As a result of these factors, it is extremely difficult to assess the specific impact that the use of UGGpure (or any other individual factor) has had on the Company’s results of operations with respect to any particular period. Thus, the Company disclosed in the Form 10-K that it believes the use of UGGpure is a qualitative factor that has impacted sheepskin pricing, but did not seek to quantify that impact on any period covered by the Form 10-K. For similar reasons, the Company does not expect to be able to quantify the impact of the use of UGGpure (or other alternative materials) in the future.
 
Impact of Sheepskin Pricing for Period Ended March 31, 2015
Consistent with the discussion above, sheepskin prices do not always change materially from period to period, and in those periods where sheepskin costs have not fluctuated significantly, the Company has not provided disclosure of specific information about sheepskin pricing or quantified the impact of sheepskin price fluctuations in the relevant periodic reports. The Company respectfully confirms that it assessed the impact of changes in the price of sheepskin for the period ended March 31, 2015 and concluded that the changes did not result in a meaningful impact on the Company’s results of operations and, therefore, did not warrant separate disclosure to investors for that period.

Impact of Sheepskin Pricing for Period Ended March 31, 2016 – Form 10-K
The Company respectfully draws the Staff’s attention to the fact that it did provide disclosure in the Form 10-K about the impact of fluctuations in sheepskin pricing on its gross margins for fiscal year 2016. The Company disclosed that its gross margin was impacted by improved sheepskin costs of approximately $4.0 million (see “Management’s Discussion and Analysis of Financial Condition and Results of Operations - Results of Operations - Year Ended March 31, 2016 Compared to Year Ended March 31, 2015 - Gross Profit” at page 41 of the Form 10-K).

In addition, the Company respectfully confirms that, during the earnings call for the fiscal year and fiscal quarter ended March 31, 2016 (the “Q4 FY16 Earnings Call”), the Company specifically commented on the impact on its gross margins of lower product input costs, which it noted were primarily related to sheepskin costs. Finally, during the Q4 FY 16 Earnings Call, the Company provided specific gross margin guidance, and listed reduced sheepskin prices as one of several reasons for its expectation that gross margins would be improved. Accordingly, the Company respectfully submits that it has complied with the Staff’s request to discuss the impact of sheepskin pricing on its results of operations for the fiscal year ended March 31, 2016.
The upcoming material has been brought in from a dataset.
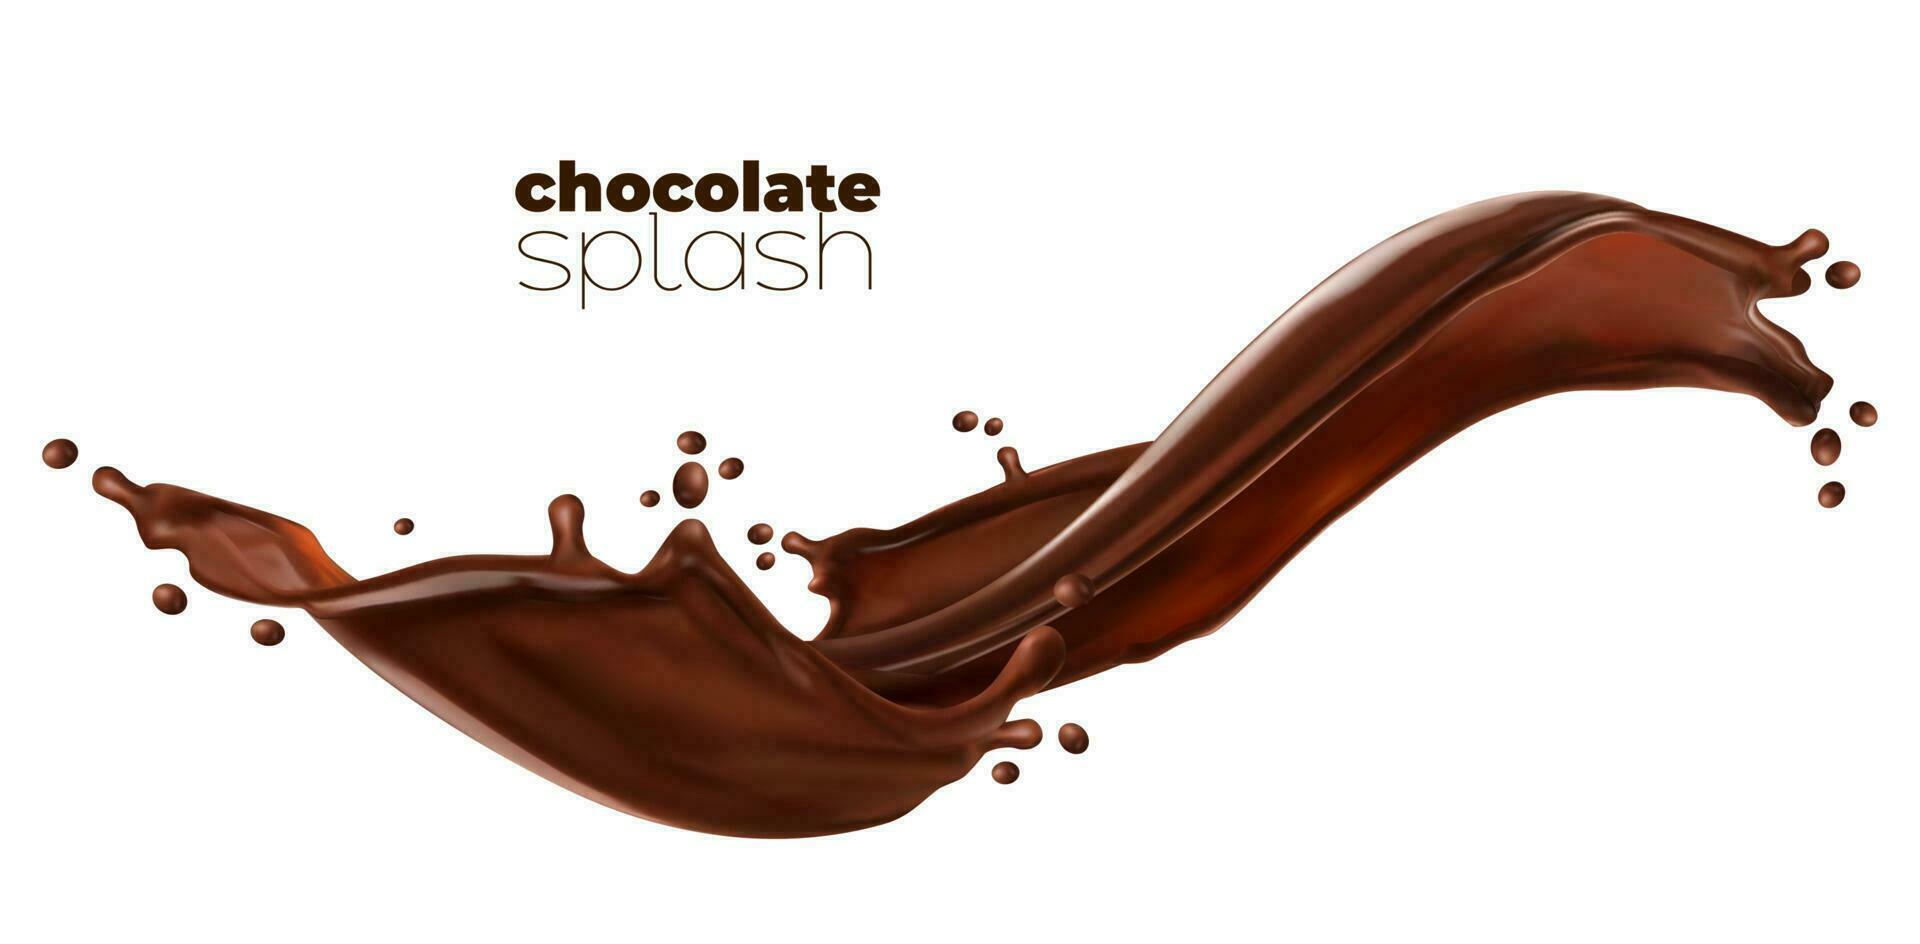 Chocolate or cocoa milk wave with flow splash vector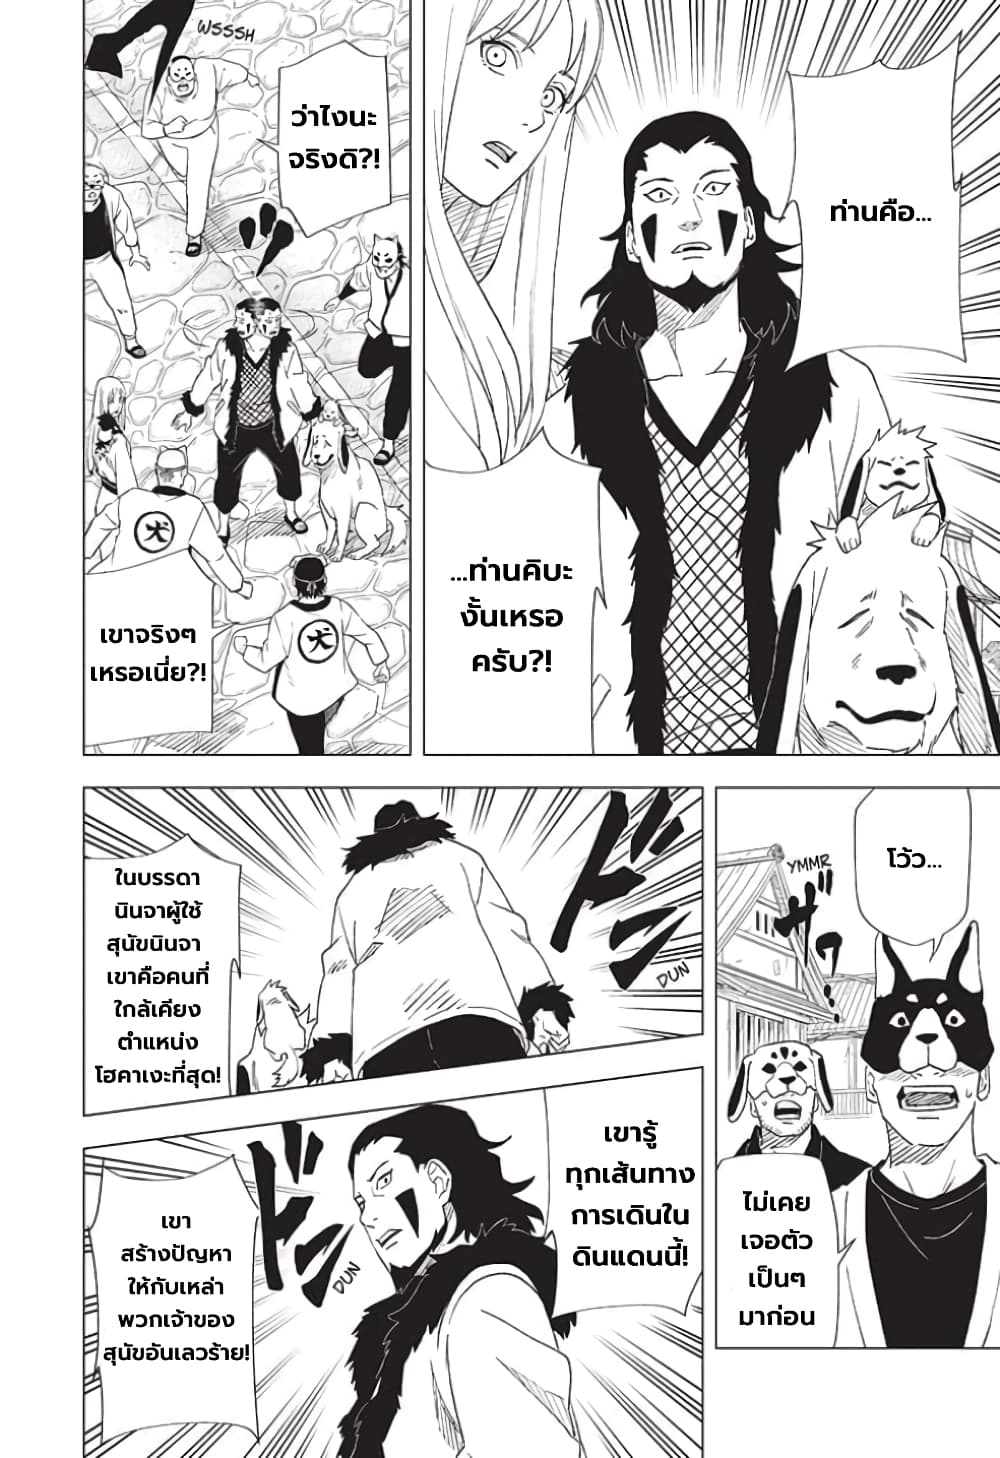 Naruto Konoha’s Story – The Steam Ninja Scrolls The Manga ตอนที่ 5 (4)

Impact of Sheepskin Pricing for Period Ended September 30, 2016 – Earnings Call

The Company respectfully confirms that, in its earnings call for the fiscal quarter ended September 30, 2016 (“Q2 FY17 Earnings Call”), it did acknowledge that it continues to see stable prices for sheepskin. The Company also respectfully confirms that it considered whether to provide specific disclosure in its Form 10-Q for the fiscal quarter ended September 30, 2016 (the “Form 10-Q”) about the impact of sheepskin pricing on its results of operations for the period. However, since sheepskin pricing was fairly stable for the period as compared to the same period in the prior year, sheepskin pricing did not have any meaningful








impact on the Company’s gross margins for the period, and did not significantly impact its results of operations.

However, the Company determined that there were a number of other trends and factors that impacted results of operations for the period that were more significant to its business and to investors. In addition to discussing some of these trends on the Q2 FY17 Earnings Call, the Company provides a discussion of the current trends impacting its business in each of its periodic reports (e.g., “Management’s Discussion and Analysis of Financial Condition and Results of Operations - Trends Impacting our Overall Business” at page 33 of the Form 10-K, and “Management’s Discussion and Analysis of Financial Condition and Results of Operations - Trends Impacting our Overall Business” at page 19 of the Form 10-Q).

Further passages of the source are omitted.